▶ [Excerpted records]
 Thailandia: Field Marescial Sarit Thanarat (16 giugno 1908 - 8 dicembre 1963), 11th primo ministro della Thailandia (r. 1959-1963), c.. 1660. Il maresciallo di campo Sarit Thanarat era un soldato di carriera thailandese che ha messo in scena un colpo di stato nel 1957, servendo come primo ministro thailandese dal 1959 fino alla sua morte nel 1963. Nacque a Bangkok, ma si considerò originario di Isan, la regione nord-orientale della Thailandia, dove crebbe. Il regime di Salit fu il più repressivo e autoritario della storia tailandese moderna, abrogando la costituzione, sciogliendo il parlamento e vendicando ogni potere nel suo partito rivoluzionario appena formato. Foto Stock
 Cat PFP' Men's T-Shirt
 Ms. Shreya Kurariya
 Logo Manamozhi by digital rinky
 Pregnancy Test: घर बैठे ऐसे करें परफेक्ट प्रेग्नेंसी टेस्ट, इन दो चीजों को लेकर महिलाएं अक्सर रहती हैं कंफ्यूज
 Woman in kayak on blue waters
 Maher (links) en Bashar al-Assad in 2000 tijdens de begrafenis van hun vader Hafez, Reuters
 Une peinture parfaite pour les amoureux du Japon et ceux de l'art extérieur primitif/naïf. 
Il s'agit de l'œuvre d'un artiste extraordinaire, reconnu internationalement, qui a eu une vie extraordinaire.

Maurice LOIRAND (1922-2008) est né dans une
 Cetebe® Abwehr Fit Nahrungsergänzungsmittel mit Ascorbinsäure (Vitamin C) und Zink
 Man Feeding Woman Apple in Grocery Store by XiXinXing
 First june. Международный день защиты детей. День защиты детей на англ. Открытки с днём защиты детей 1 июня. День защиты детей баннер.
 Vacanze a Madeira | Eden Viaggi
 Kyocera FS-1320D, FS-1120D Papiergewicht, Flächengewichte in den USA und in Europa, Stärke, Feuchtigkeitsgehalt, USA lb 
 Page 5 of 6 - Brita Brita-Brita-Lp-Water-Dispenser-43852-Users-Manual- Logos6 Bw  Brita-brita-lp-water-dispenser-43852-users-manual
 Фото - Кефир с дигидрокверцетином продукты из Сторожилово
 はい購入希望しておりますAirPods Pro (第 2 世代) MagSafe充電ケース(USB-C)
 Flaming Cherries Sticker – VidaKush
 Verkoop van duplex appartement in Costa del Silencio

▶ [Task] Filter the records down to the lines containing the word "Woman", and copy those.

▶ [Your response]
 Woman in kayak on blue waters
 Man Feeding Woman Apple in Grocery Store by XiXinXing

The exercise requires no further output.